Hi, I resolved the issue of multiple versions but code is not working because old backend is not supported. Any suggestions on workaround??
from returnn.
from returnn.
I am working with Theano 0.9.0 and pygpu version 0.7.3. It was showing problems with sandbox cuda. I made the feasible changes but still it is showing errors after errors:
returnn_IAM/cuda_implementation/CuDNNConvHWBCOp.py", line 13, in
class CuDNNConvHWBCOpGrad(theano.gpuarray.GpuOp):
AttributeError: 'module' object has no attribute 'GpuOp'
from returnn.
I wonder a bit about the base class theano.gpuarray.GpuOp
, because that is the base-class of the new gpuarray backend but the code is actually using the old CUDA backend, so it should be theano.sandbox.cuda.GpuOp
. Can you try to replace that? Maybe you also need to add some import
.
from returnn.
Hi,
I just tried to reproduce the problem, but for me the demo is working. Please make sure, that you are using the newest version of returnn.
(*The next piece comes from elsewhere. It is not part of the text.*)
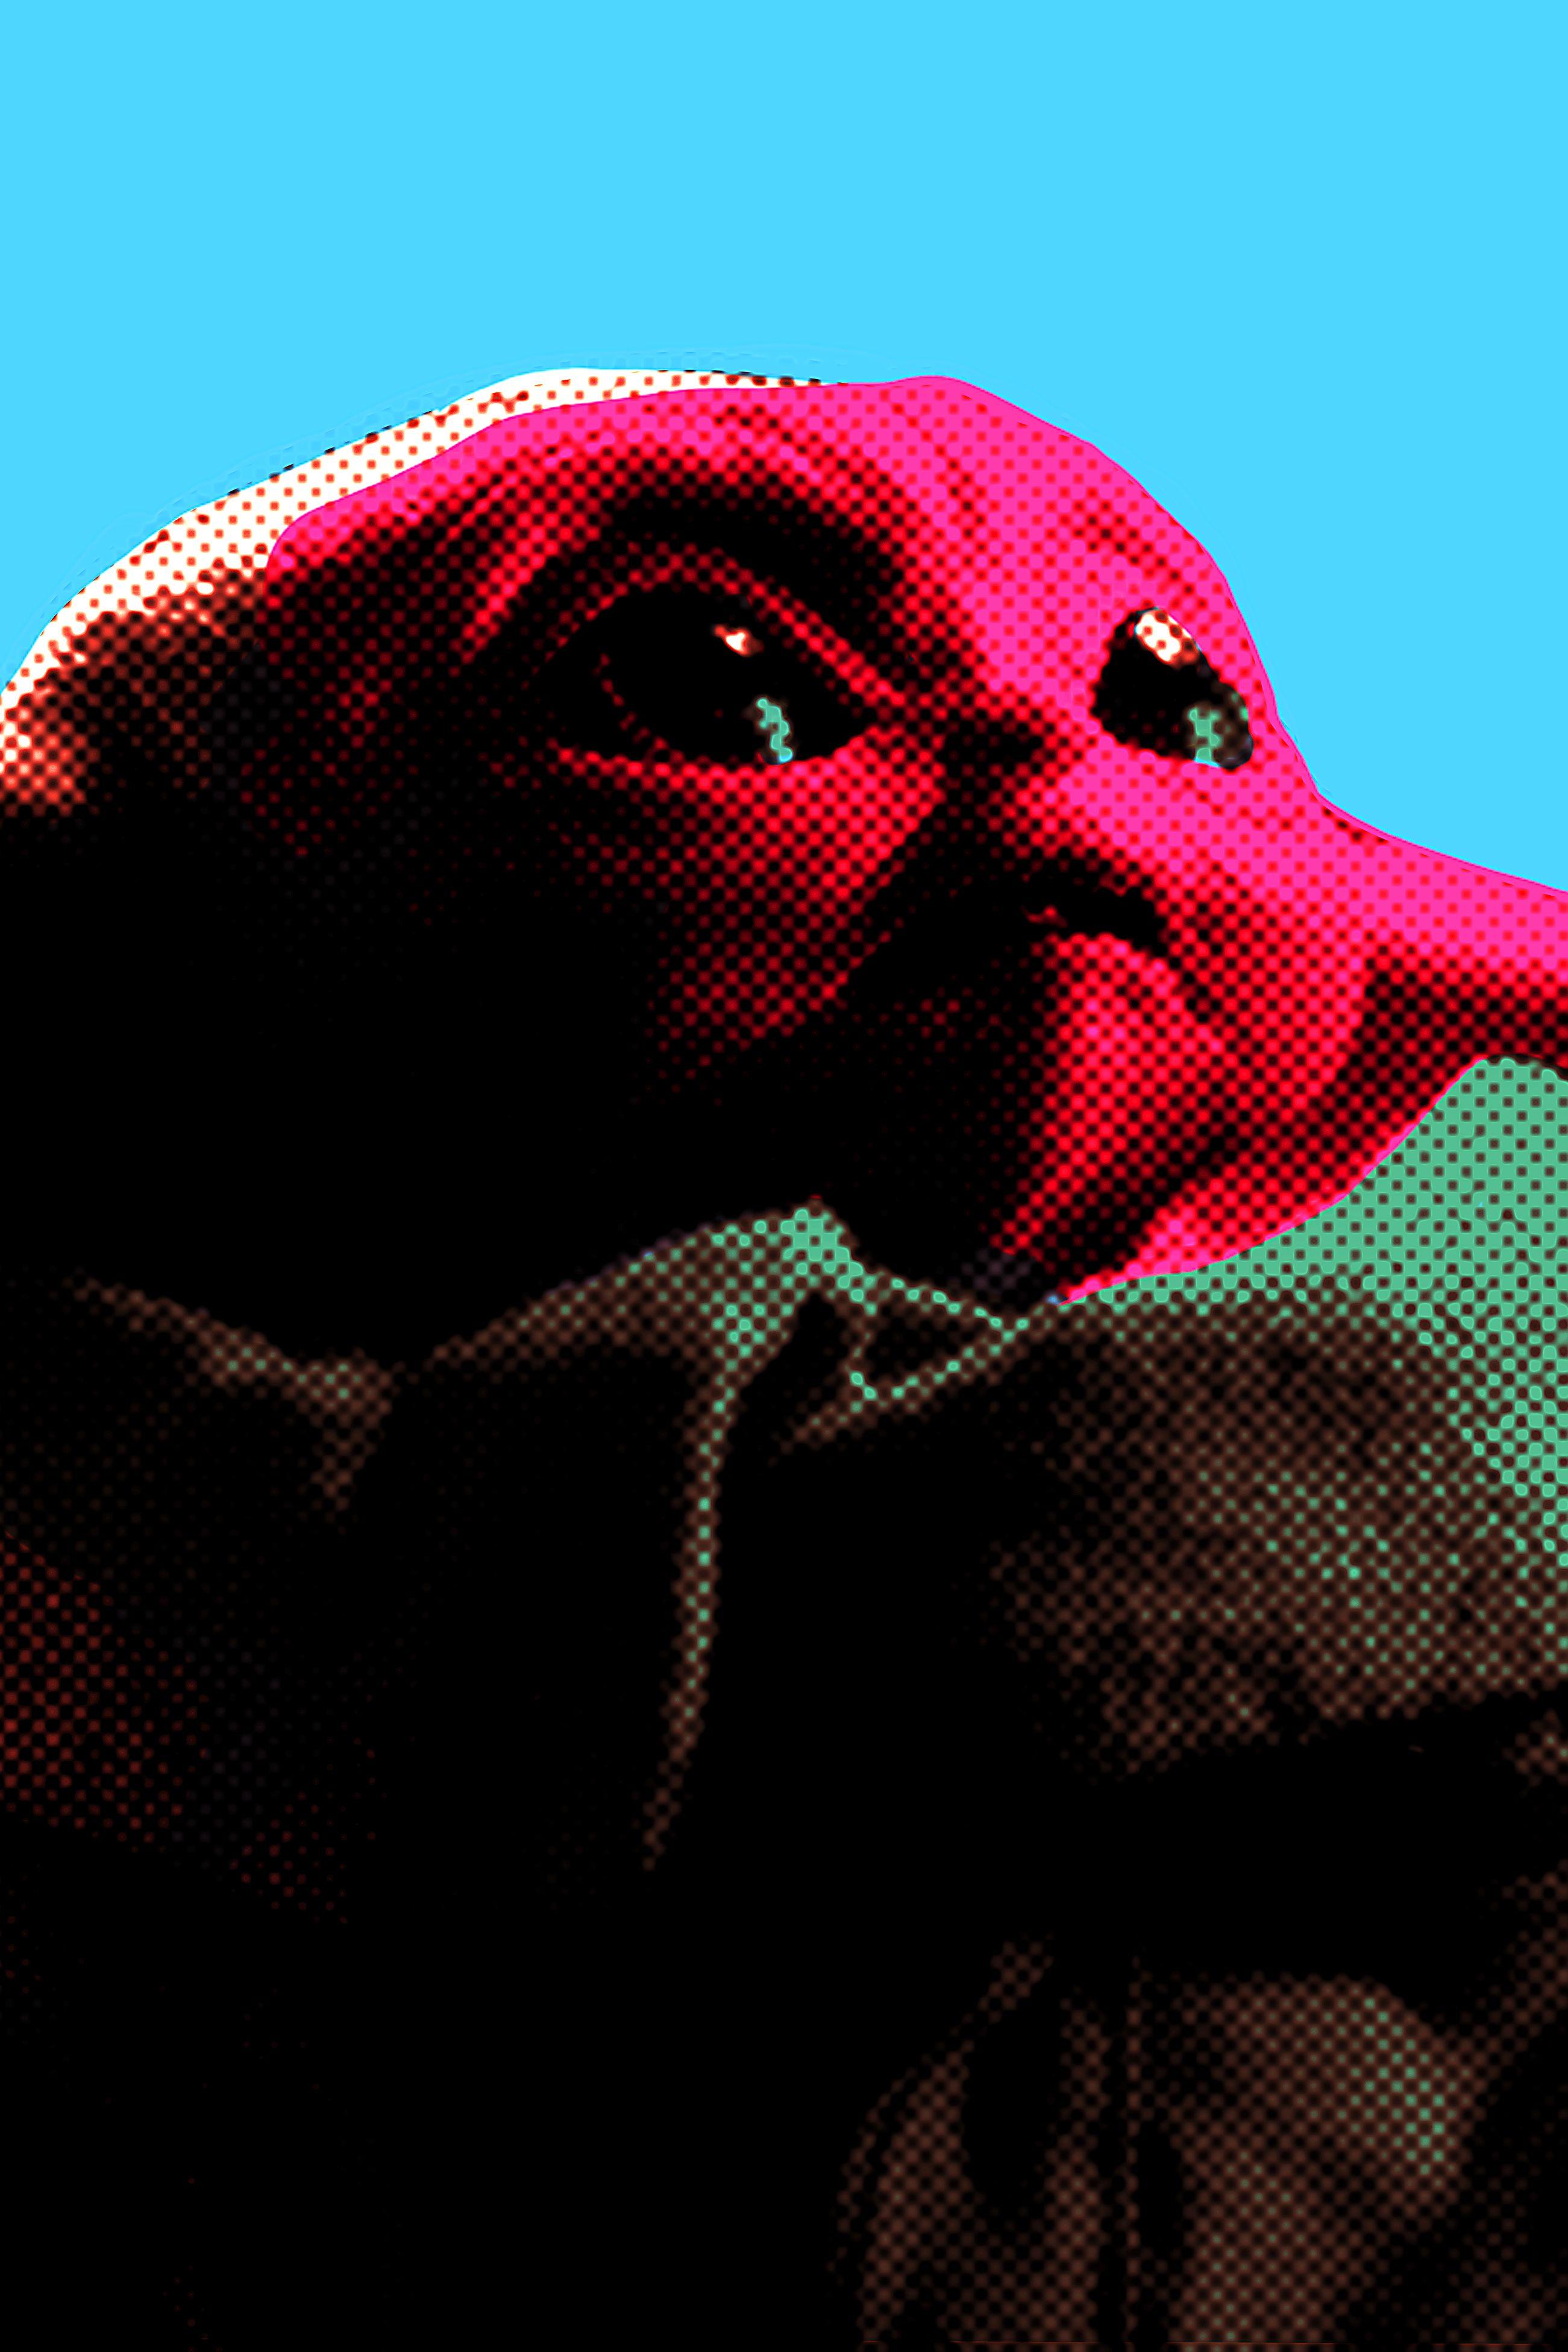 Baby Yoda Wallpaper S10 - Wallpaper

My output looks as follows:
voigtlaender@helios:/work/voigtlaender/returnn/demos/mdlstm/IAM$ python ../../../rnn.py config_demo
CRNN starting up, version 20170929.103426--git-875161a-dirty, pid 10527, cwd /work/voigtlaender/returnn/demos/mdlstm/IAM
CRNN command line options: ['config_demo']
Theano: 0.9.0 (<site-package> in /home/voigtlaender/python2_new/local/lib/python2.7/site-packages/theano)
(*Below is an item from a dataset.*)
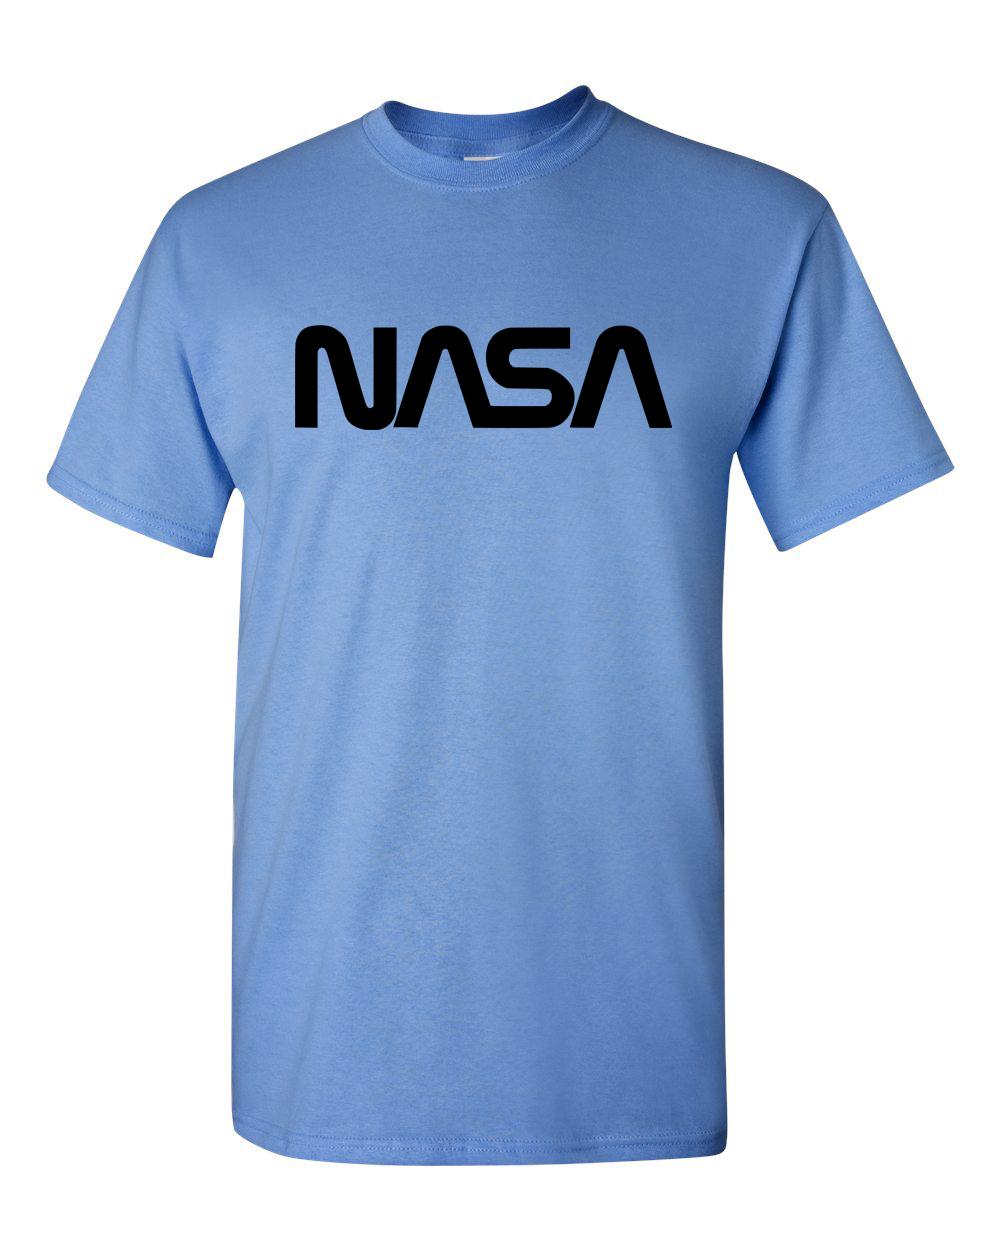 nasa adult clothing - photo #32

faulthandler import error. No module named faulthandler
pynvml not available, memory information missing
WARNING (theano.sandbox.cuda): The cuda backend is deprecated and will be removed in the next release (v0.10). Please switch to the gpuarray backend. You can get more information about how to switch at this URL:
https://github.com/Theano/Theano/wiki/Converting-to-the-new-gpu-back-end%28gpuarray%29
Using gpu device 0: Graphics Device (CNMeM is enabled with initial size: 10.0% of memory, cuDNN 5105)
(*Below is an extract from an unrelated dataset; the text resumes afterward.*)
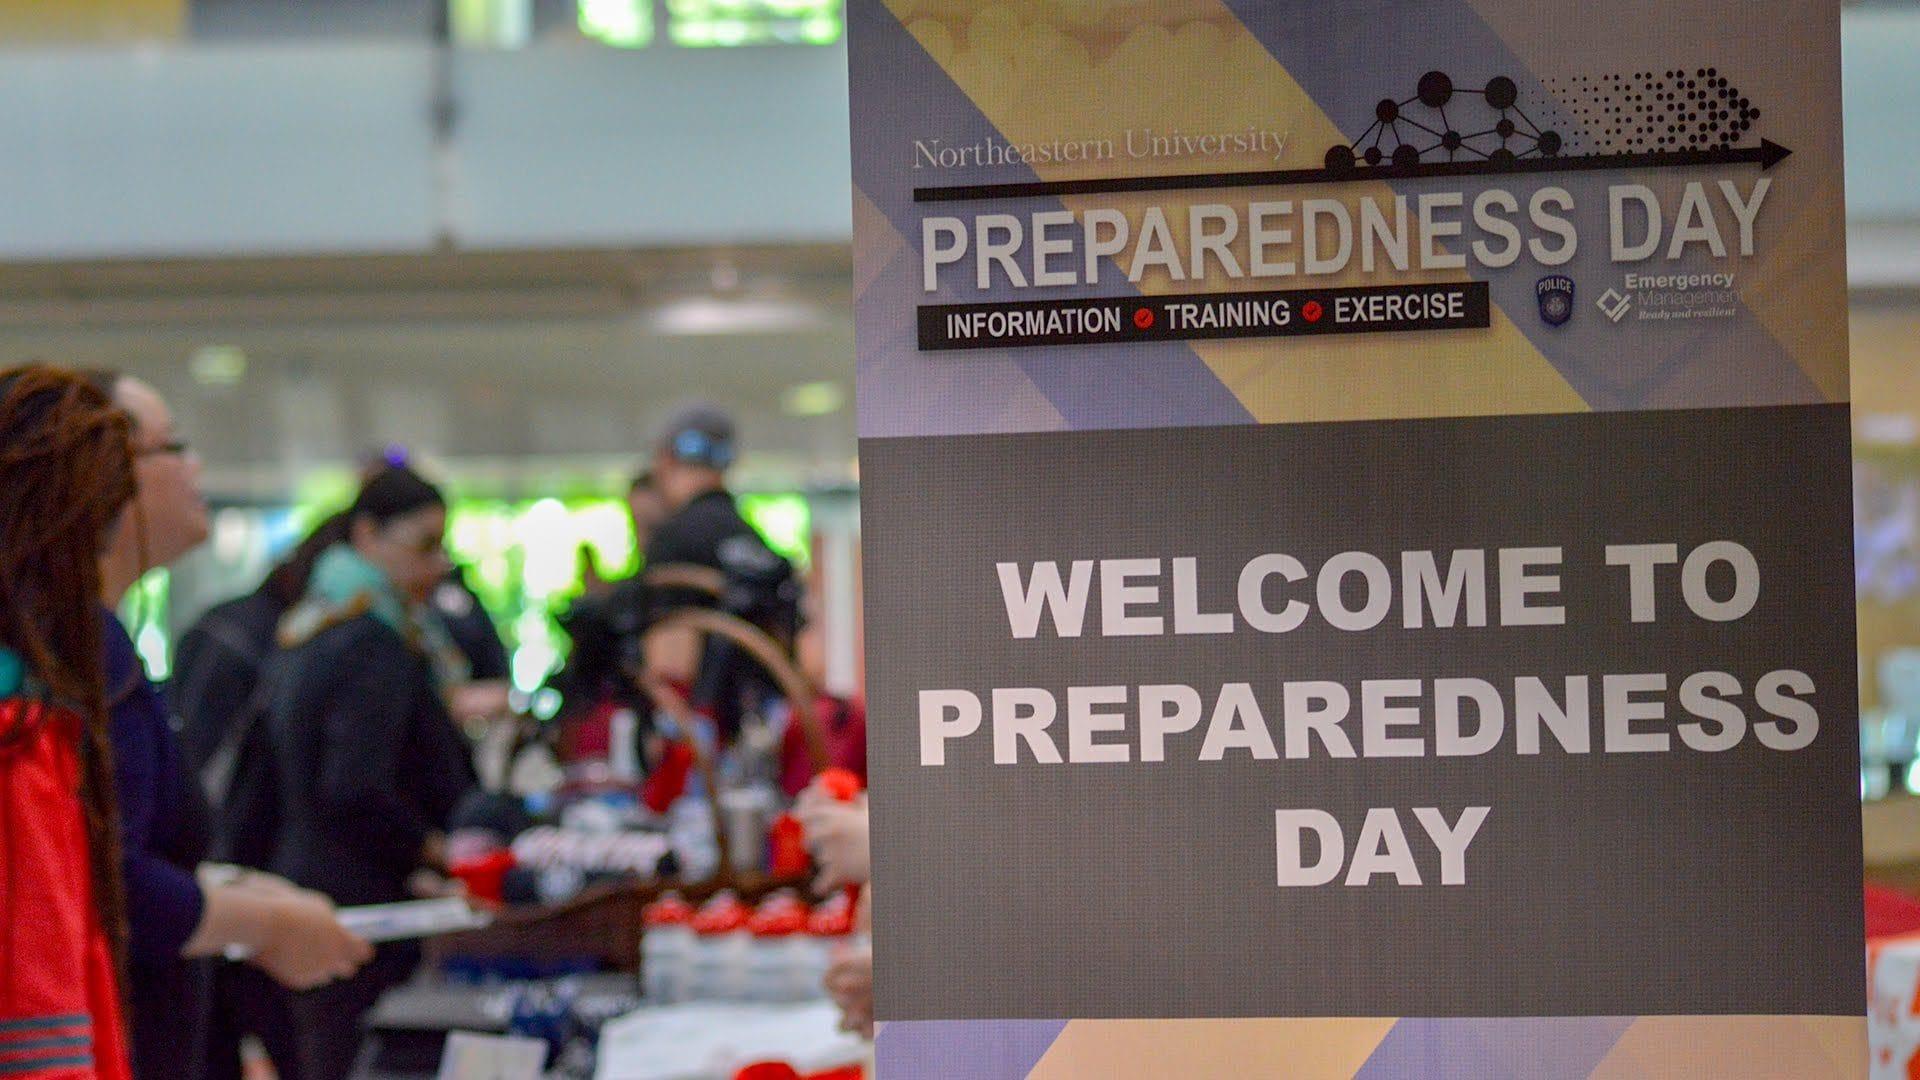 Northeastern University Preparedness Day

Device gpuX proc starting up, pid 10558
Device gpuX proc: THEANO_FLAGS = 'compiledir_format=compiledir_%(platform)s-%(processor)s-%(python_version)s-%(python_bitwidth)s--dev-gpuZ,device=gpu,force_device=True'
faulthandler import error. No module named faulthandler
Device train-network: Used data keys: ['classes', 'data', 'sizes']
using adam with nag and momentum schedule
Device gpu0 proc, pid 10558 is ready for commands.
Devices: Used in multiprocessing mode.
loading file features/raw/demo.h5
cached 3 seqs 0.00854282453656 GB (fully loaded, 14.3247905085 GB left over)
Train data:
input: 1 x 1
output: {u'classes': [79, 1], 'data': [1, 2], u'sizes': [2, 1]}
HDF dataset, sequences: 3, frames: 764399
Devices:
gpu0: Geforce GTX TITAN X (units: 3072 clock: 0.98Ghz memory: 12.0GB) working on 1 batch (update on device)
warning: there is an existing model: (2, 'models/mdlstm_demo.002')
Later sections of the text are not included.